L’artista non lavora sulla derisione. Non interessa la caricatura. La sua pratica si muove sulla trasformazione: un testo culturale – sociale, visivo, rituale, materiale – viene spostato, attraversa un contesto diverso e cambia significato. Il gesto, l’oggetto, il rito assumono nuove funzioni. Questo è il suo metodo: metabolizzare, restituire il senso traslato e mostrare l’alterità di ciò che crediamo familiare. La fiducia nell’alieno diventa così principio guida, politica dell’alterità in un mondo attraversato da migrazioni, crisi ambientali e tensioni sociali. Lo dimostra già la fotografia del 1968 scattata dal padre ad Addis Abeba: Tiravanija e la sorella vengono ritratti a sette anni; lui indossa orecchie posticce da Spock, l’alieno della serie Star Trek

È un gesto infantile, ironico, ma anche un primo tentativo di confrontarsi con l’altro, con ciò che è «estraneo». L’artista stesso lo definisce la sua prima scultura. È un chiaro riferimento all’alieno, al diverso, alla possibilità di negoziare la propria identità attraverso il gioco e la trasformazione degli oggetti. L’esperienza di sfollamento di Tiravanija – nato in Argentina da genitori thailandesi e cresciuto tra Etiopia, Thailandia e Canada – si riflette in questo gesto: vedere se stessi nell’outsider, riconoscersi nel diverso, trasformare il senso di estraneità in possibilità creativa. E nelle sue opere il rimando a Duchamp è evidente: come l’artista americano destabilizzava l’oggetto autonomo con i ready-made, Tiravanija destabilizza la percezione della figura umana e dei confini culturali. La fonte primaria sono i giornali. L'artista li legge ogni giorno, li smonta, li riporta nelle opere e li stratifica con foglia d’argento, citando il gesto thailandese di applicare foglia d’oro sulle statue del Buddha come offerta votiva. Le Silver Paintings del 2025 ricoprono prime pagine del New York Times con foglia d’argento, un gesto che oscura e insieme valorizza. L’osservatore deve ricostruire il senso, leggere tra le pieghe: ogni titolo, ogni data diventa nodo temporale, punto di connessione tra storia collettiva ed esperienza personale. Le opere su carta di grandi dimensioni, create con lacca giapponese e foglia d’argento su giornali, trasformano la lettura quotidiana in meditazione sui disordini politici, creando un «rumore visivo» che rispecchia l’era della post-verità.

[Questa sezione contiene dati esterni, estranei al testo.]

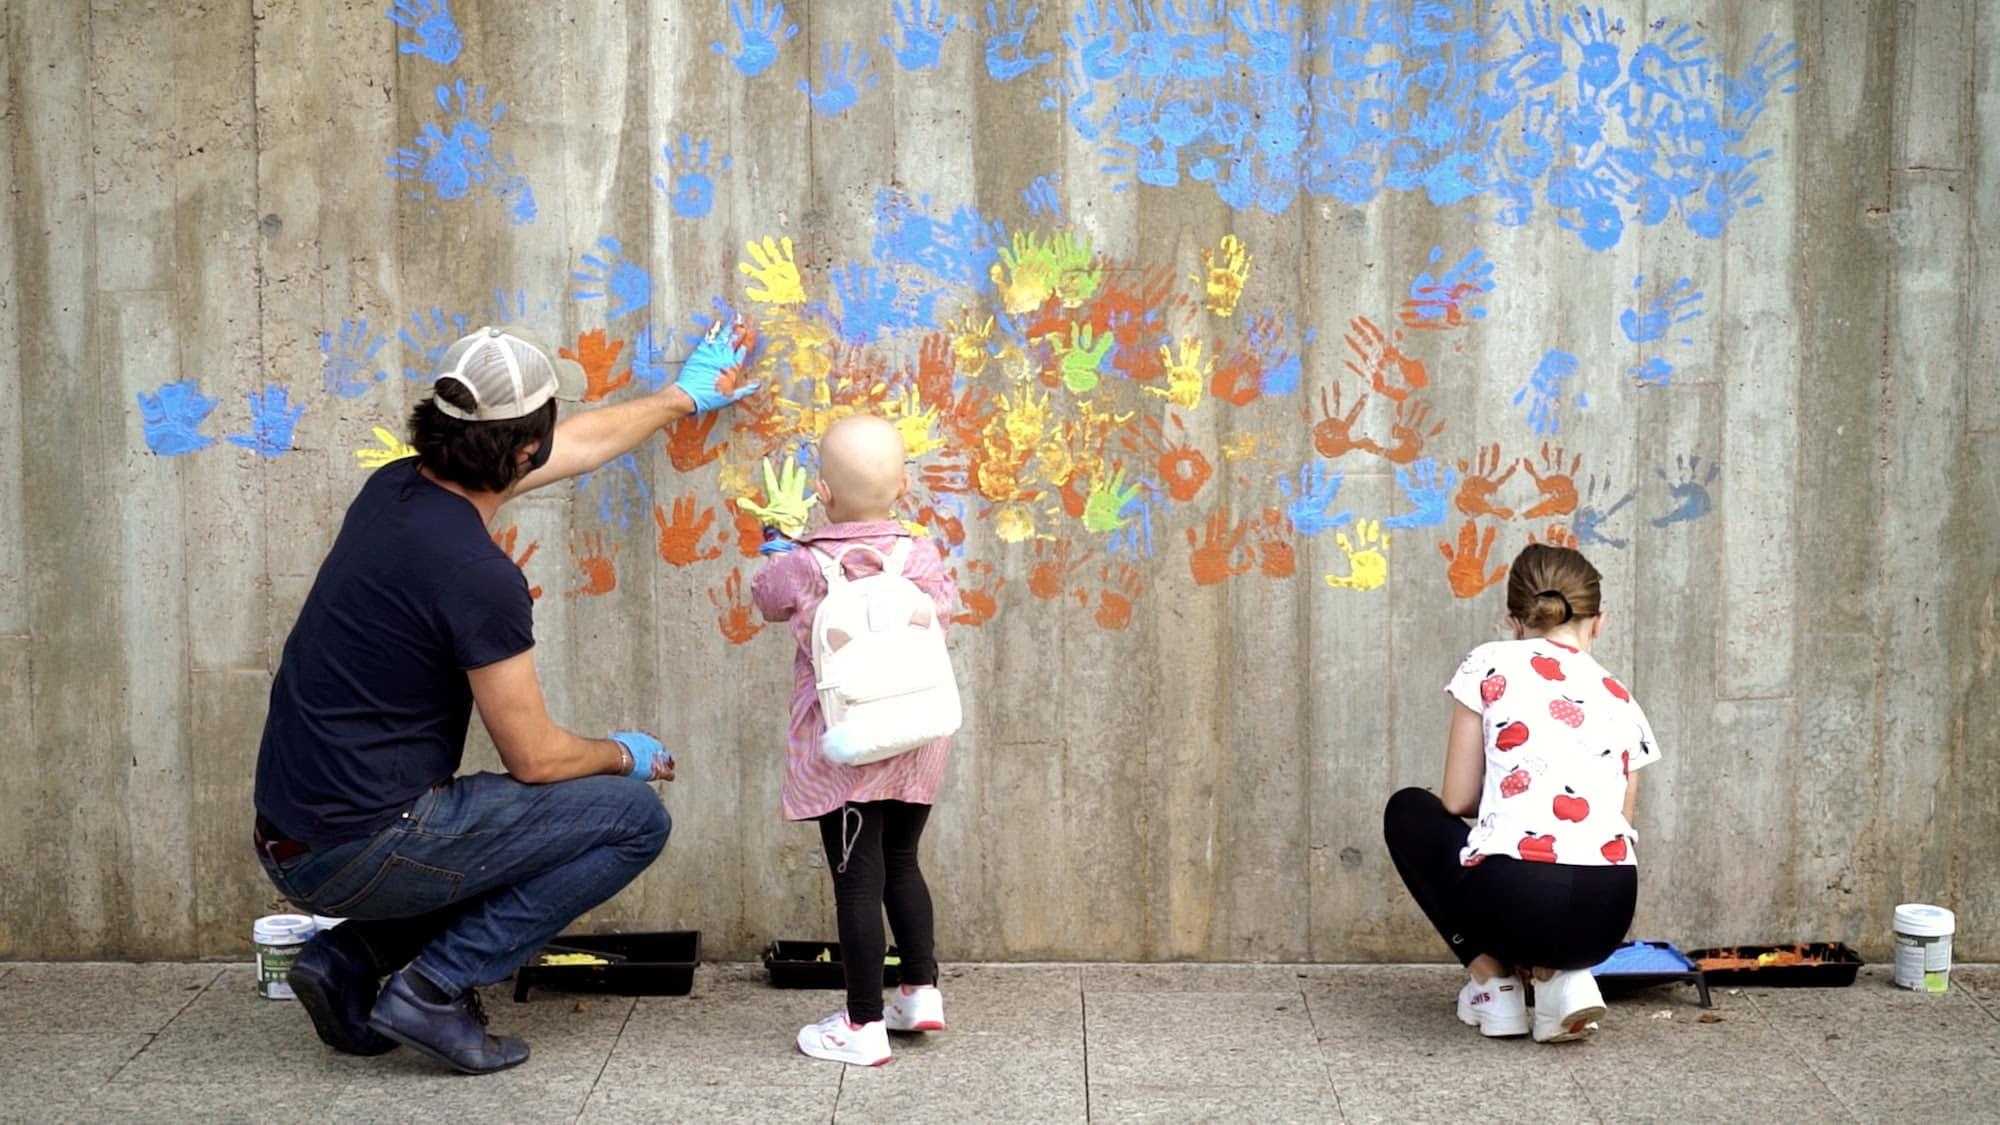 superacion street art pejac niños

Rirkrit Tiravanija, «Untitled», 2025. Credits Jiayung Deng. Courtesy Galerie Chantal Crousel, Parigi.

Su questa linea concettuale si inserisce l’installazione «The Savage Detectives», che combina due figure preistoriche – Tiravanija e Udomsak Krisanamis – e un pettine d’acciaio che richiama il ready-made di Duchamp. Le figure, ricoperte di peli, si fronteggiano, e il pettine diventa catalizzatore concettuale, esplorando i confini tra umano e animale, tra azione e intenzione, e mostrando come un oggetto culturale possa essere traslato in contesti diversi. Non c’è ironia che punge: c’è torsione concettuale. Il pettine torna a essere ciò che non era, proprio come l’alieno nella foto: agente di dislocamento, catalizzatore che obbliga a rivedere categorie fisse, dall’umano al non umano, dall’oggetto d’arte al gesto quotidiano. I corpi in cera, capelli sintetici, bambù e scarpe da ginnastica rafforzano questo discorso. L’installazione evoca sia esposizione etnografica sia fantascienza, creando incontri intimi e inquietanti. L’arte di Tiravanija destabilizza binari convenzionali – Natura/Cultura, Umano/Non umano, Civilizzato/Selvaggio – e propone un modello di interdipendenza e riconoscimento reciproco. 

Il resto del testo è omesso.